BANGALORE/CALGARY (Reuters) - Progress Energy Resources Corp PRQ.TO said on Thursday it will sell a half stake in Canadian shale gas assets to Malaysia's Petronas PETR.UL in a C$1.07 billion ($1.09 billion) deal that intensifies the race to open up lucrative markets in Asia.
Progress and Petronas will also study the feasibility of a new liquefied natural gas terminal on Canada’s West Coast as a way to secure higher prices for shale gas produced from fields in northern British Columbia’s Montney region.
North American gas prices are stubbornly weak due to the rapid development of shale supplies throughout Canada and the United States and because of static domestic demand.
It is the Malaysian state oil company’s first foray in Canada and will allow Progress to develop its shale gas holdings at a fraction of the cost of doing so itself, Chief Executive Michael Culbert said.
Other Asian oil majors such as PetroChina 601857.SSPTR.N, Korea Gas 036460.KS and Mitsubishi 8058.T are also venturing into North American shale gas plays and finding ready partners who seek capital to fund exploration in the unconventional assets.
Several players, including Apache Corp APA.N and Royal Dutch Shell Plc RDSa.L, are eyeing LNG terminals for the Pacific Coast as a way to absorb burgeoning output from the Montney and Horn River areas. No operations are expected to start up before 2015.
“There are a number of projects at various stages, but I think there is room for a lot of LNG projects with the vast resources we have in British Columbia and Western Canada,” Culbert said in an interview.
Petronas is an ideal partner due to its expertise with LNG at home and in Australia, Egypt and Britain, he said. The technology involves super-cooling gas into a liquid so it can be loaded onto tankers and shipped to markets.
Investors welcomed the deal, driving shares of Calgary-based Progress up 73 Canadian cents, or 5 percent, to C$14.71 on the Toronto Stock Exchange. Earlier they touched a 32-month high.
“Petronas’s business is in world LNG production and distribution. So it seems to imply they have an interest in securing the good supply source that Montney represents,” said analyst Kim Page of Wellington West Capital Markets.
The Montney is seen as one of the top shale gas regions on the continent, along with such others as the Marcellus in the eastern United States and Eagle Ford in Texas.
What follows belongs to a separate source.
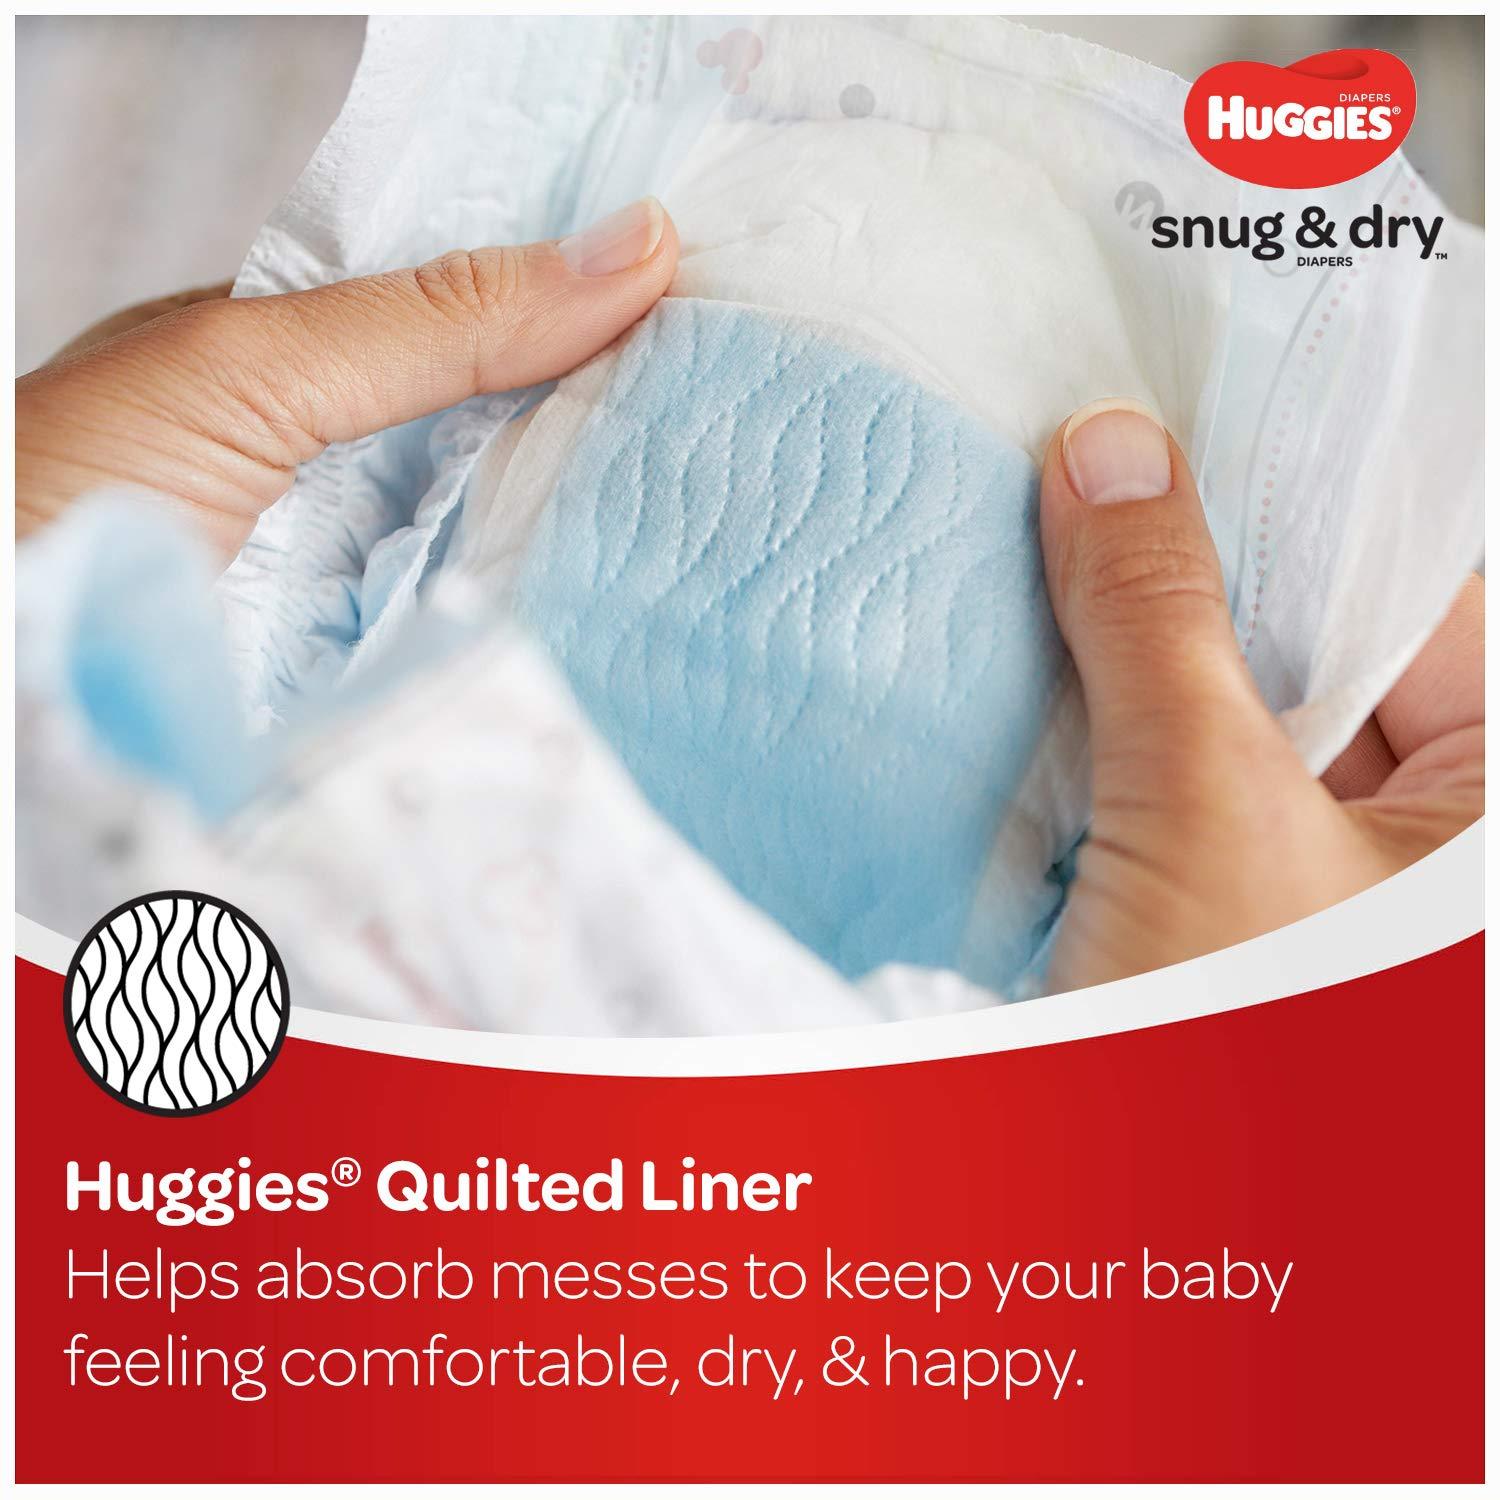 Huggies Snug & Dry Diapers, Size 3, 80 Count

Like many of the other shale gas deals, Petronas will pay for much of the acquisition by agreeing to cover Progress’s capital spending as the two companies develop the fields.
The Progress and Petronas holdings are in the north part of the region and include the Altares, Lily and Kahta properties, comprising 149,910 acres. There is scant current production but Petronas said possible resources could be as high as 15 trillion cubic feet.
Petronas will pay C$267.5 million in cash when the deal closes, likely in the third quarter. The remaining C$802.5 million will form 75 percent of Progress’s share of capital spending on the assets over the next five years.
Progress, a mid-size producer with a market value of C$3.2 billion, will operate the assets. Plans call for development spending of C$250 million to C$300 million between the deal’s close and end of 2012, Culbert said.
For the LNG export venture, Petronas will provide a standby equity financing commitment of up to C$600 million for Progress’s capital needs. Petronas will own 80 percent of the venture and Progress the remainder.